(Exercise data)

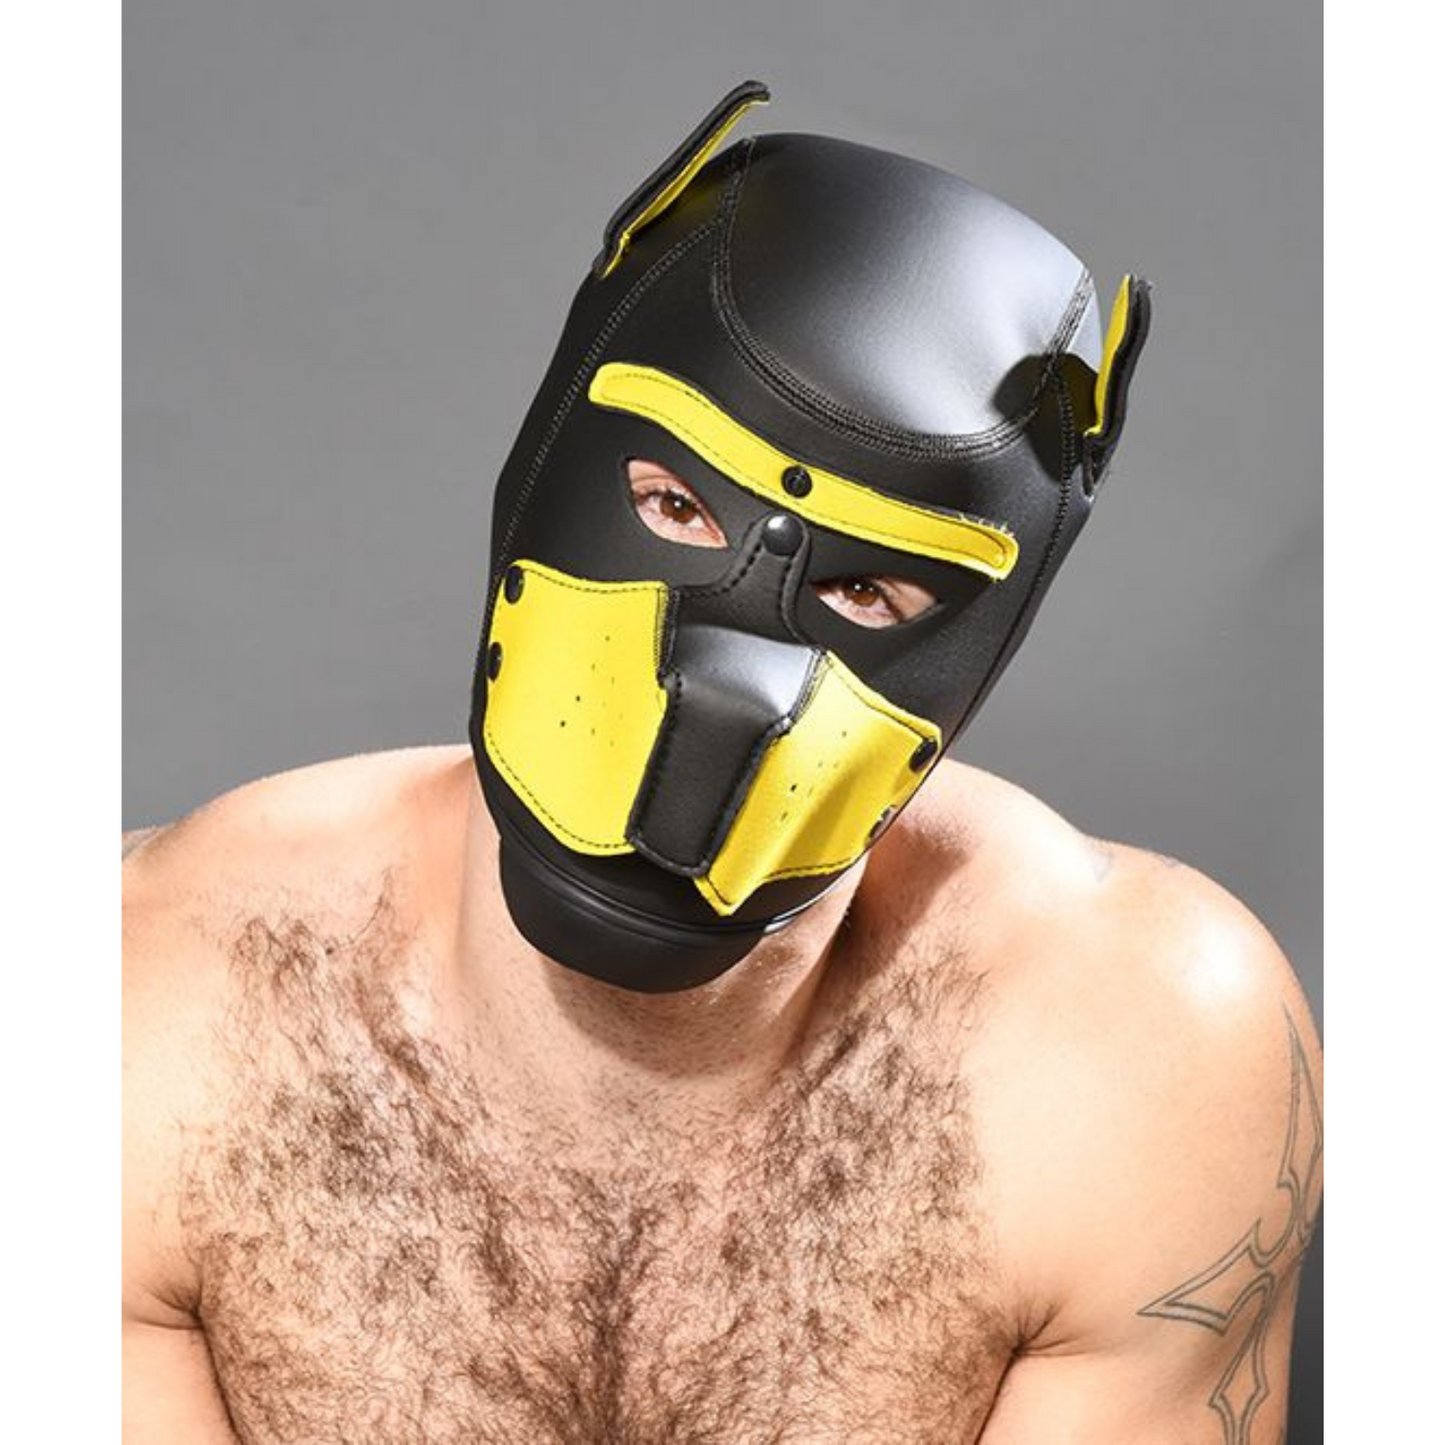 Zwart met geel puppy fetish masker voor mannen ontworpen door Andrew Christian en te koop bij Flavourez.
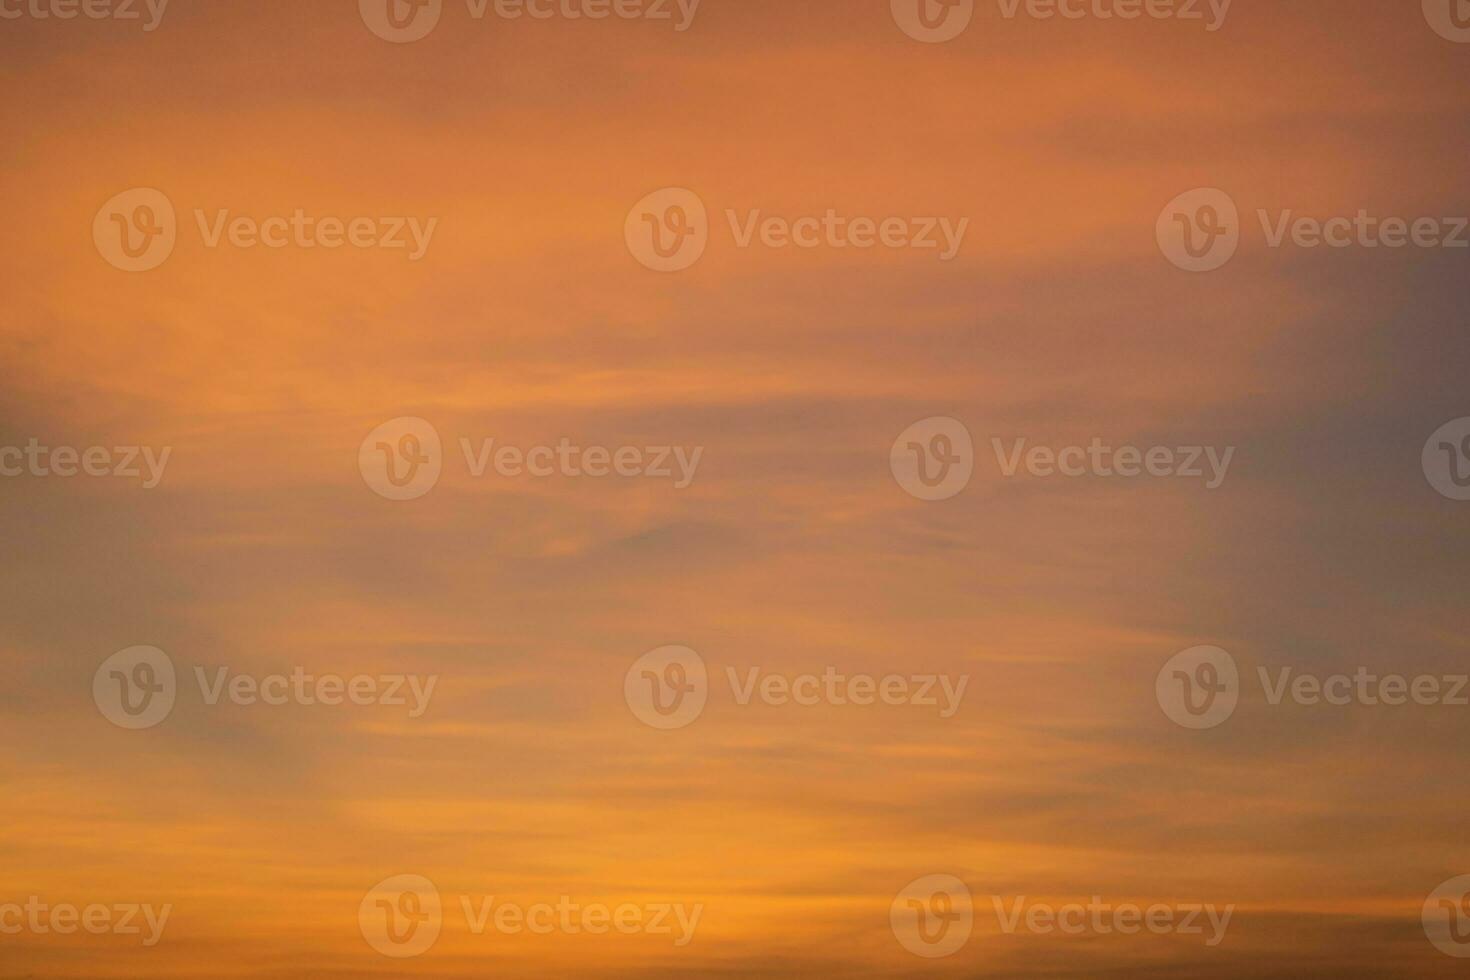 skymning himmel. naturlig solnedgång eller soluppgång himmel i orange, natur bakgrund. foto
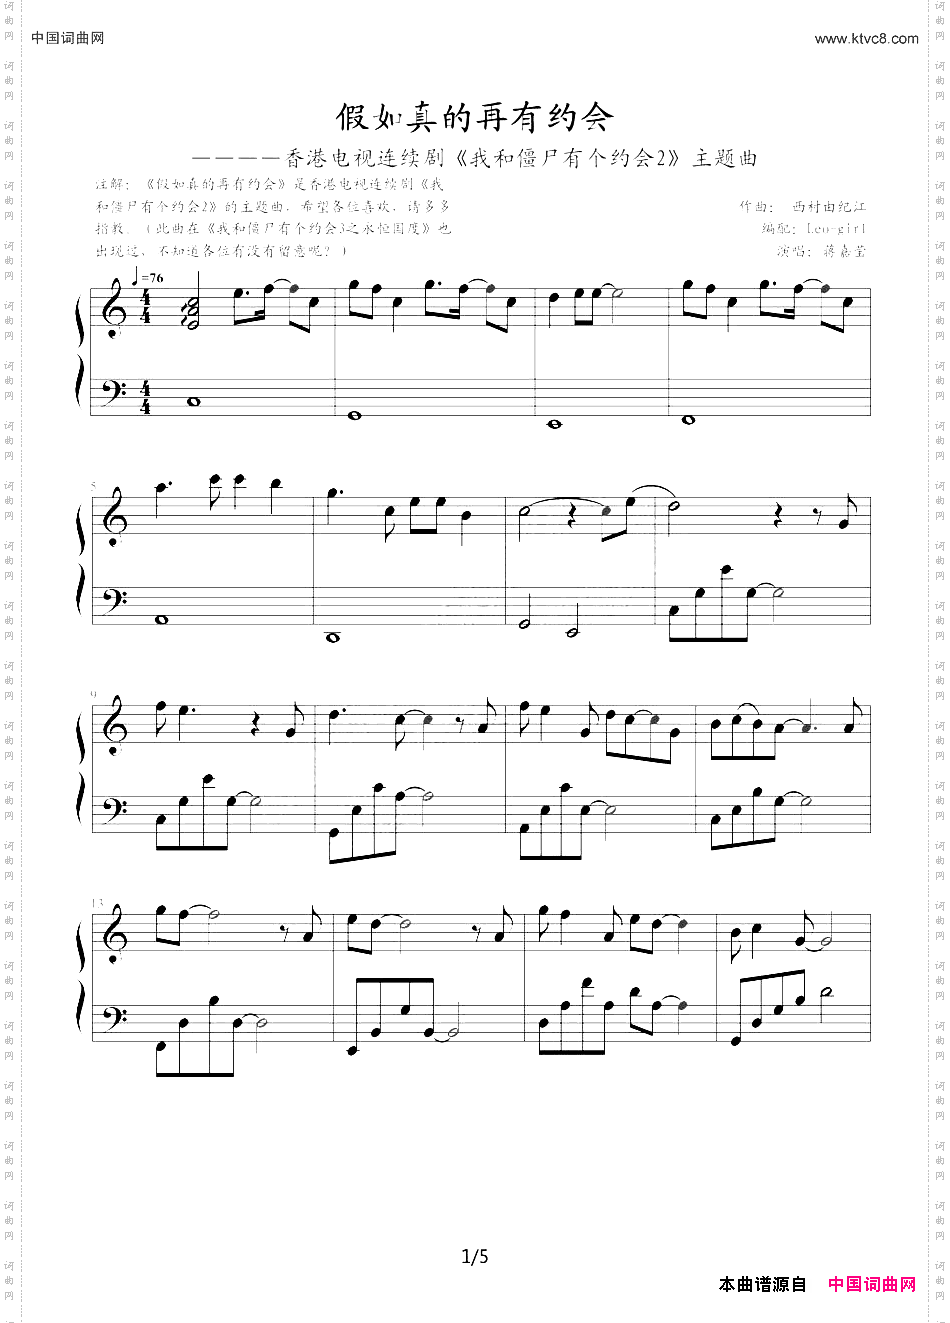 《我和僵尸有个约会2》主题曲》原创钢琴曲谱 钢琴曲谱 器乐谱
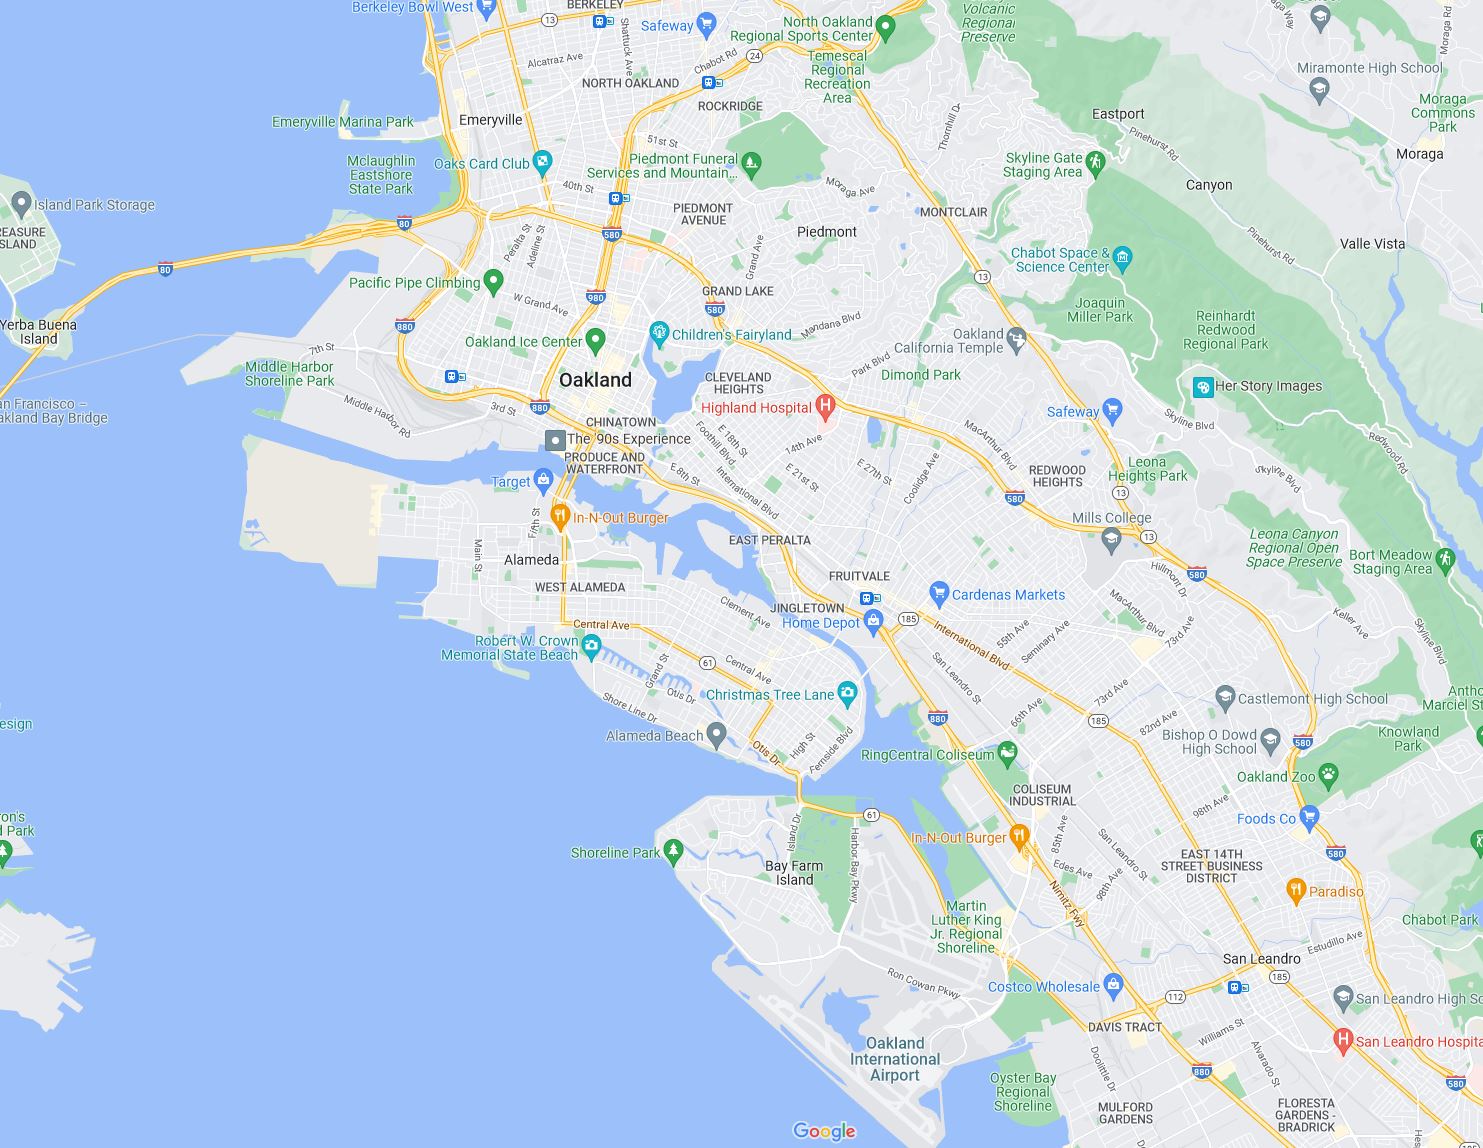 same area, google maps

(Assigned task)
Please write out the whole listing exactly, but not the pictures in it.

(Result of the task)
 Zwart met geel puppy fetish masker voor mannen ontworpen door Andrew Christian en te koop bij Flavourez.
 skymning himmel. naturlig solnedgång eller soluppgång himmel i orange, natur bakgrund. foto
 《我和僵尸有个约会2》主题曲》原创钢琴曲谱 钢琴曲谱 器乐谱
 same area, google maps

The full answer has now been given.